West Branch, Iowa

The Uncommon Stay

103½ E. Main St.  ·  Est. in a Building from the 1880s


The Building

A Corner of West Branch History

At the corner of Main and Downey in downtown West Branch stands a warm brick building that has anchored this block since the late 1880s. Its decorative pressed-tin cornice, tall double-hung windows, and ground-floor storefronts are the unaltered bones of a prosperous small-town commercial block — the kind built with confidence, meant to last, and in this case, still standing.

A recessed brick archway frames a deep Studio Green door that opens onto a private stone staircase. Climb those steps and the entire second floor — three bedrooms, nine-foot ceilings, a full kitchen, dining room, and living room — becomes yours alone. Behind the building, the ornate cast-iron facade of the Opera Block rises just a few paces away, a reminder that West Branch once drew visitors from across the region.

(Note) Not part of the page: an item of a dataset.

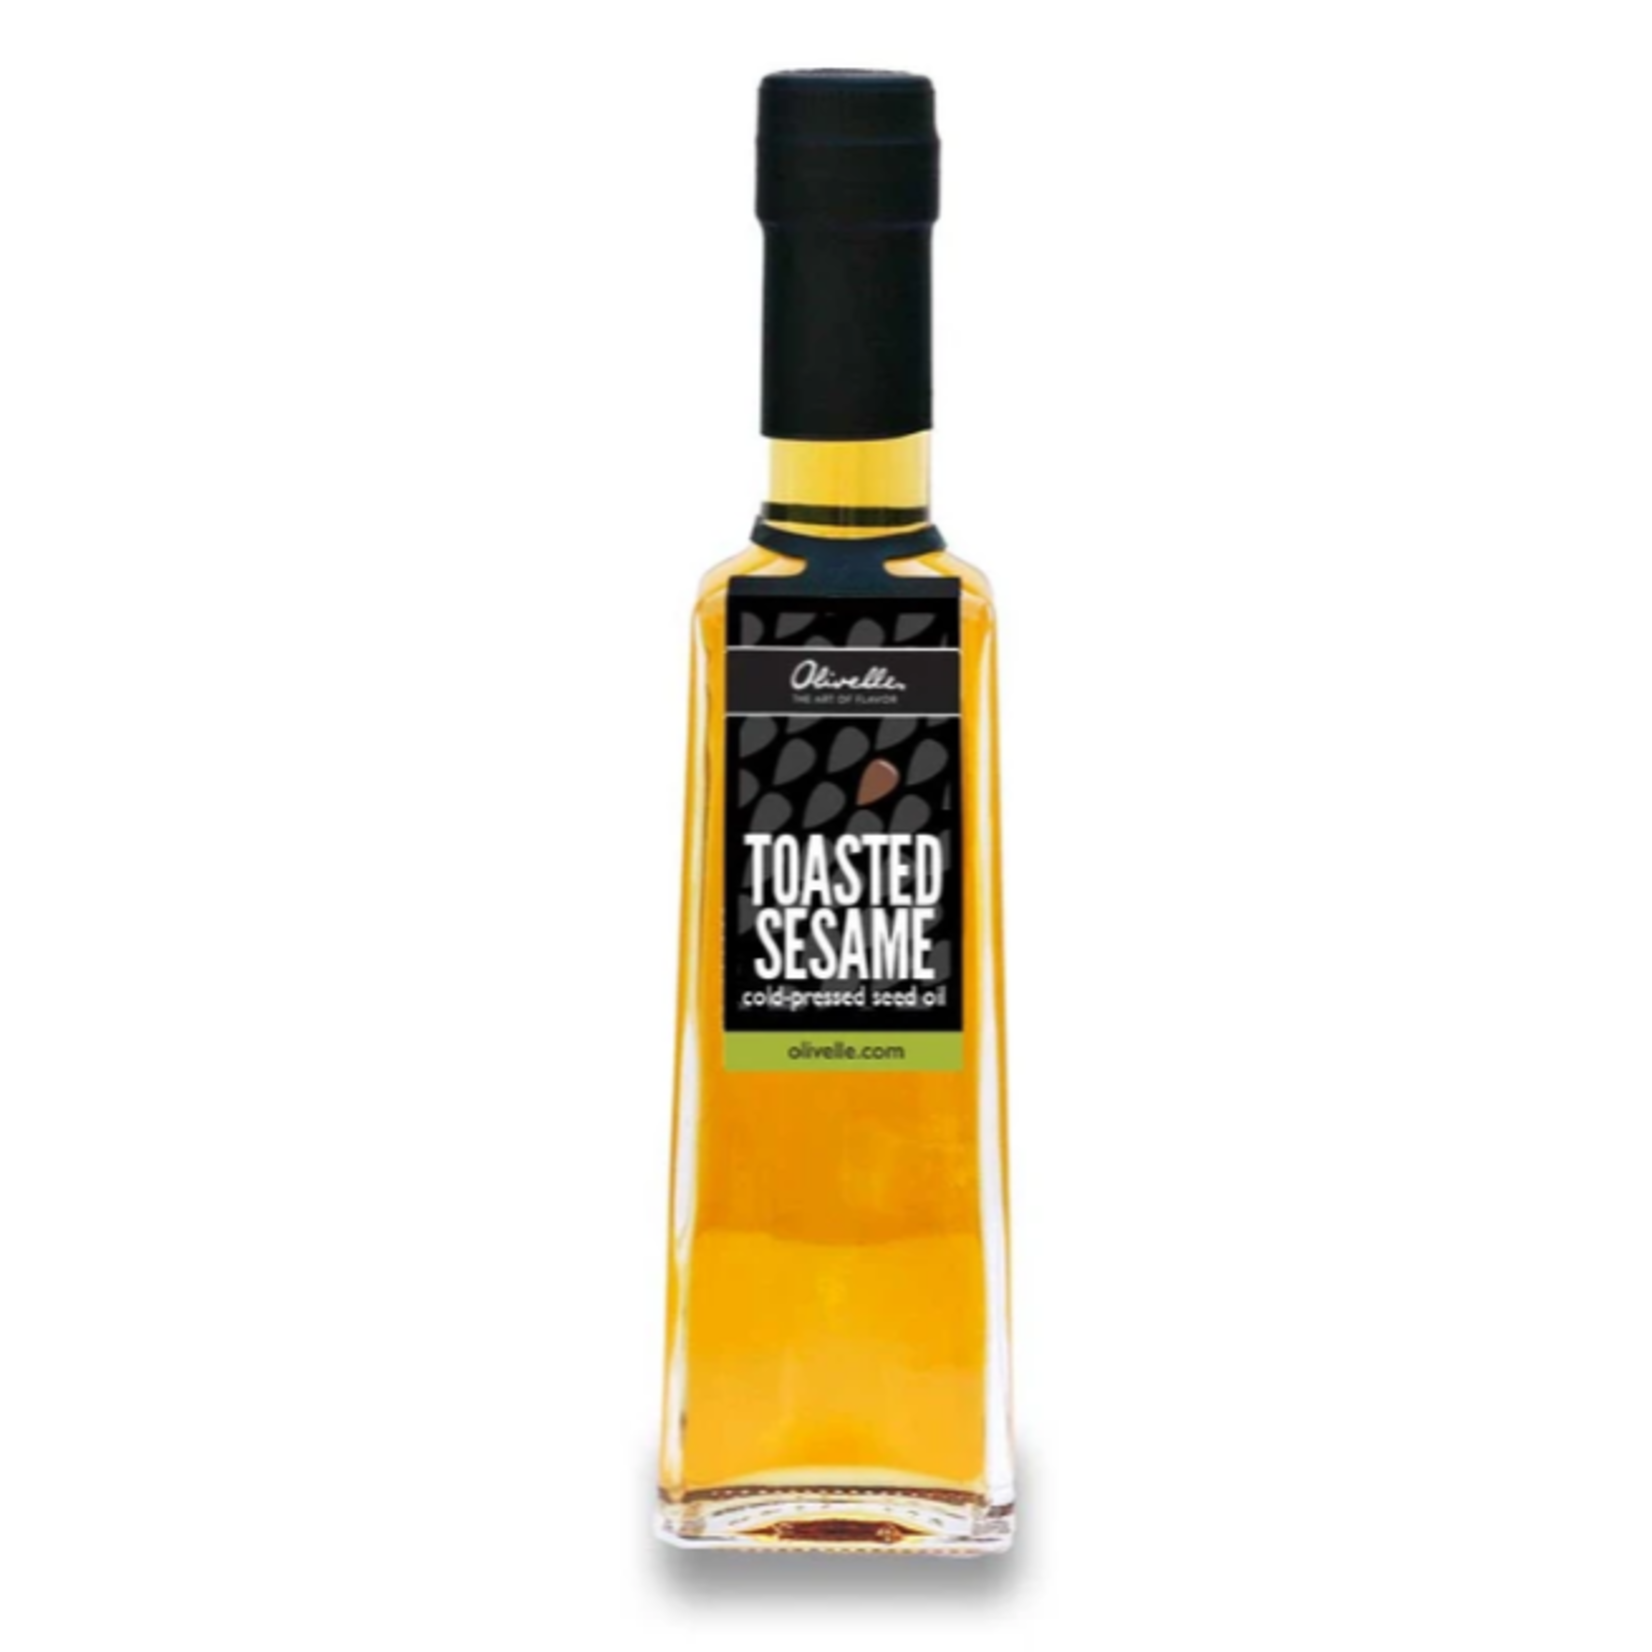 Olivelle Toasted Sesame Oil

[PLACEHOLDER: Building exterior photograph — the arched entrance, green door, brick facade]

The Name

Born in West Branch

West Branch is a small town — quiet, unhurried, and easy to underestimate. It is also the birthplace of the 31st President of the United States. Herbert Hoover was born here in 1874 in a two-room cottage a few blocks from this building, in a town that looked much as it does today.

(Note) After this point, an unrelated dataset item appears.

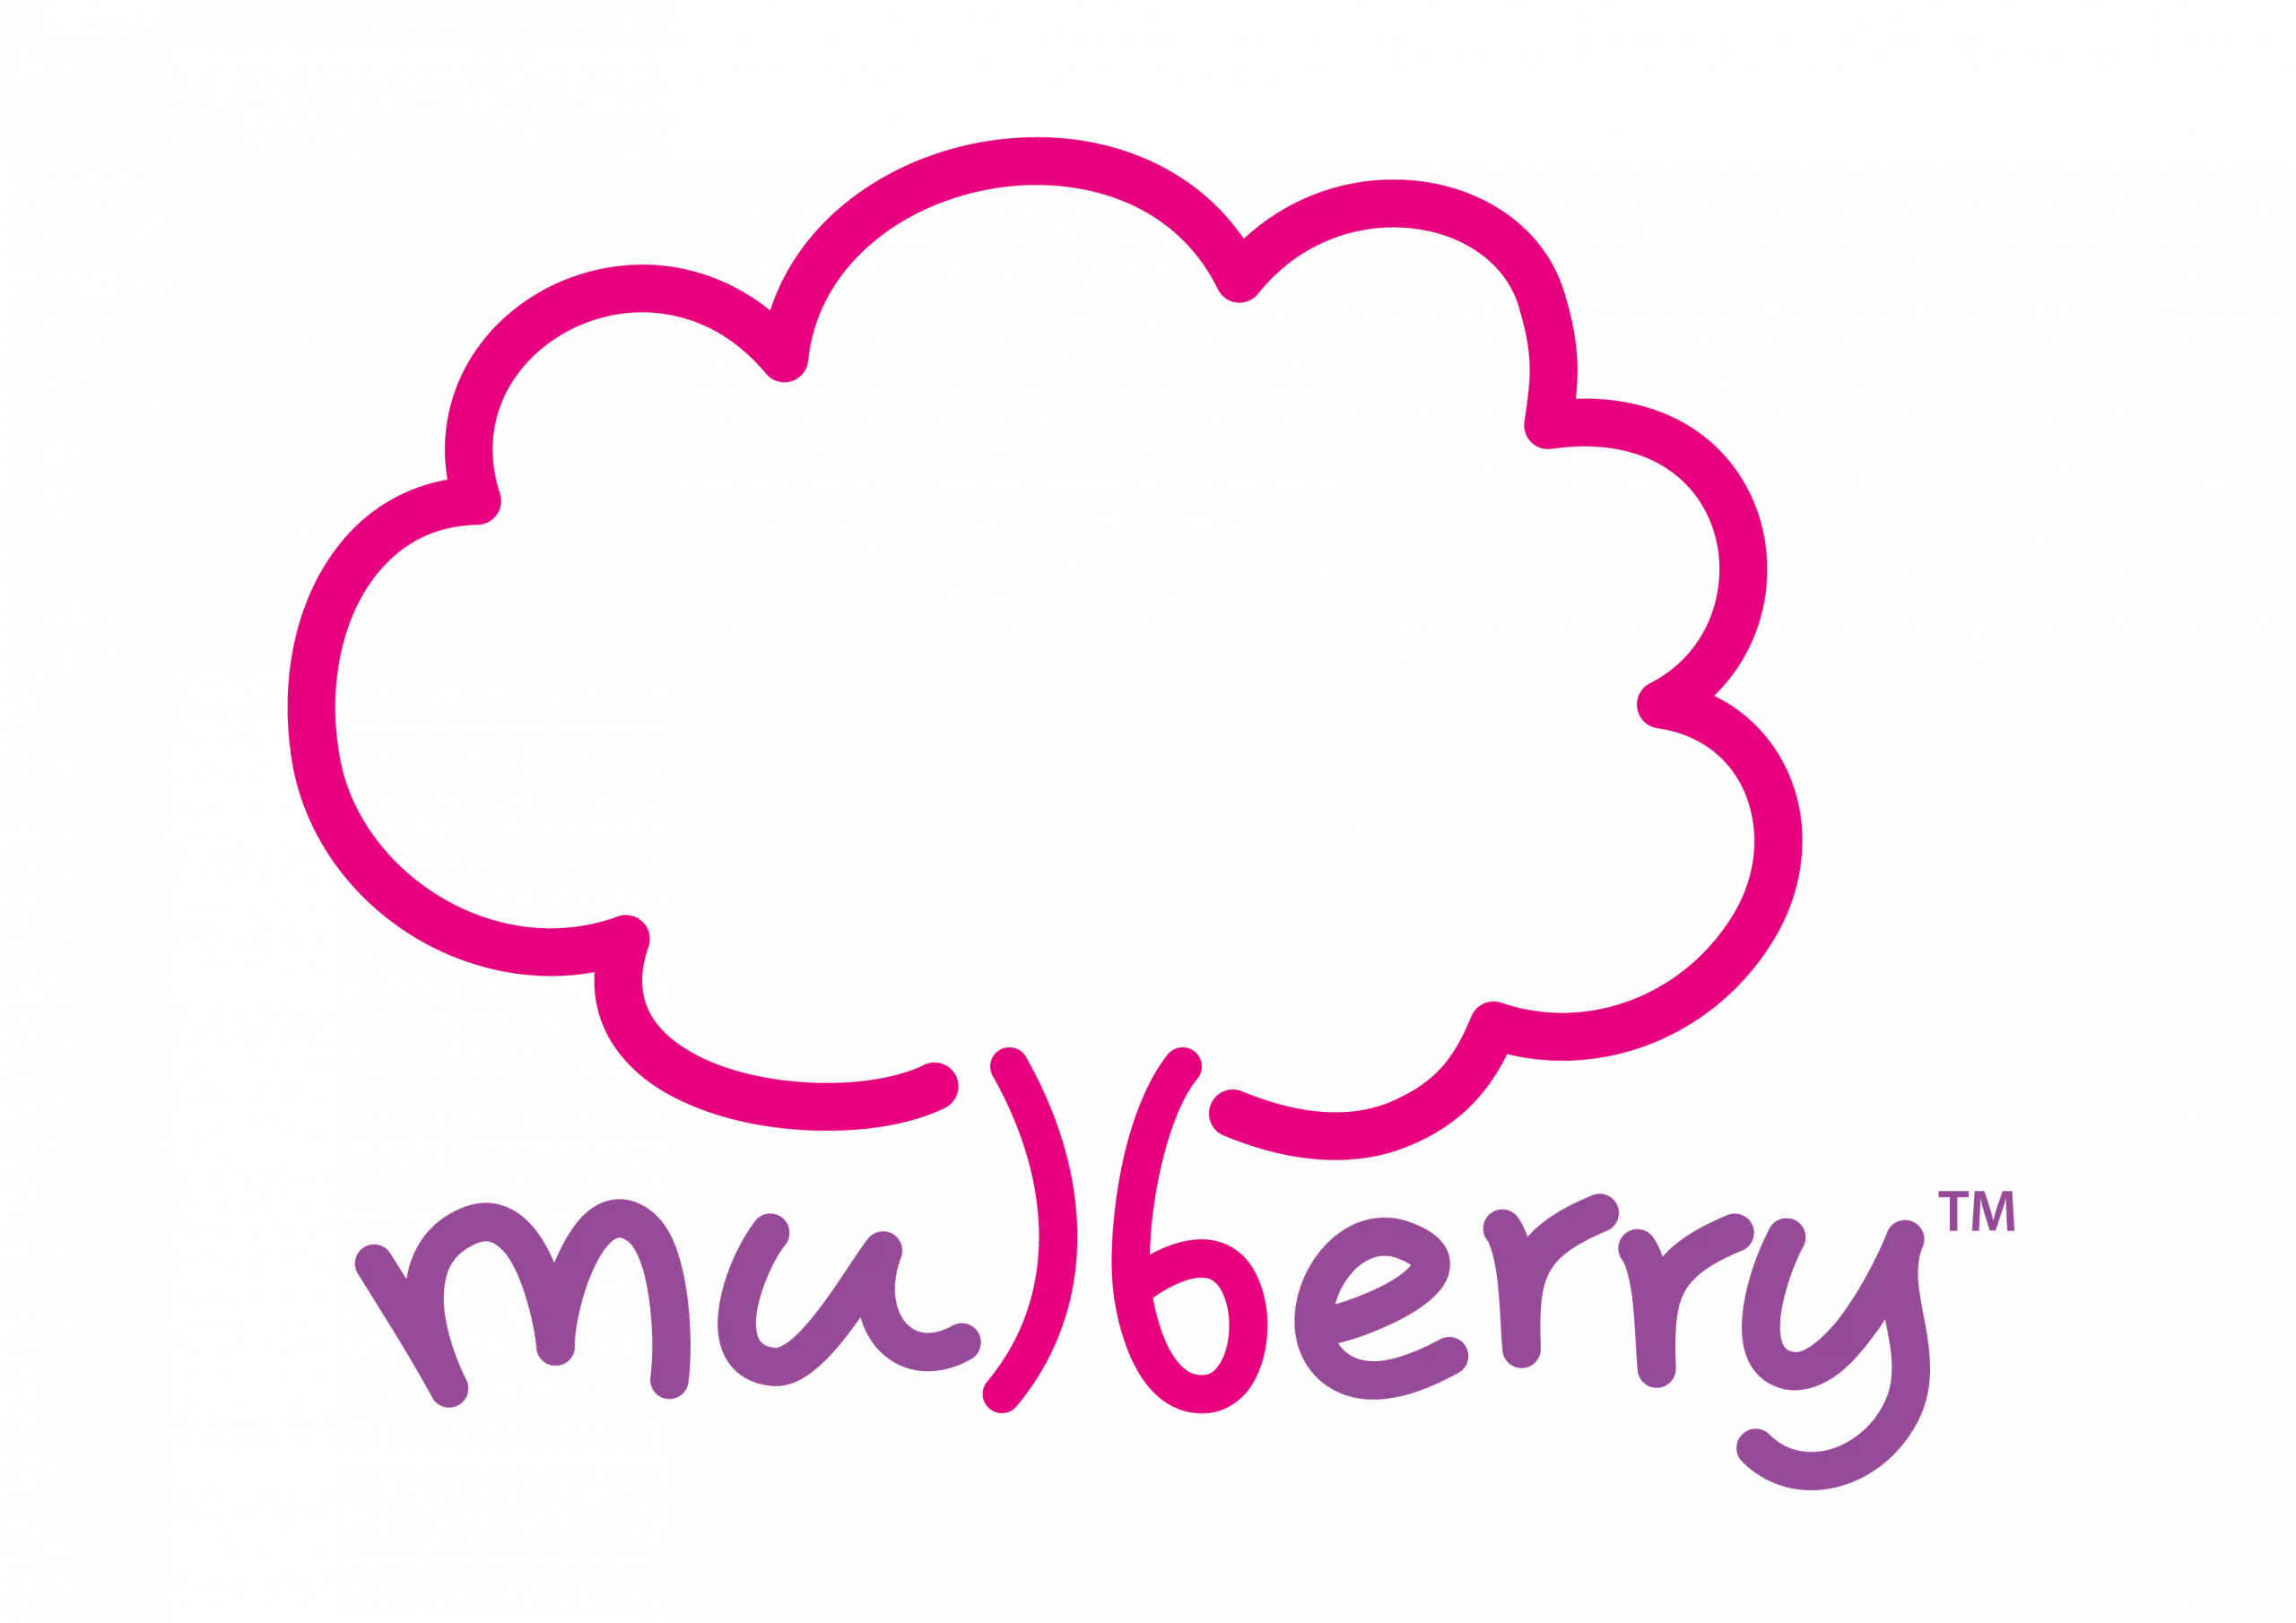 executive coaching / mulberry tree coaching / cambridge / online

Hoover went on to chair large-scale humanitarian relief efforts after both World Wars, serve as Secretary of Commerce, and occupy the Oval Office. He was not a man given to ornate self-description — but one passage from his writing captured something worth holding onto:

"The imperative need of the nation is the leadership of uncommon men and women."

— Herbert Hoover

The Uncommon Stay takes its name from that phrase — not as a boast, but as an orientation. This is a place made for people who notice things: the weight of old bricks, the proportions of a tall window, the quiet of a small-town Main Street at dusk. Guests who travel with intention, who value character over amenity counts, and who are happy to be somewhere genuinely, specifically here.

The Stay

An Entire Floor, Privately Yours

There is nothing like this in West Branch — and likely not for some distance beyond it. The apartment fills the entire second story of a historic commercial building: three bedrooms, a full kitchen and dining room, a comfortable living room, and enough space for six guests to spread out and feel at home.

It has been thoughtfully updated — quietly, without erasing what makes it worth preserving. The ceilings are still nine feet. The windows still look out over Main Street. The bones are intact.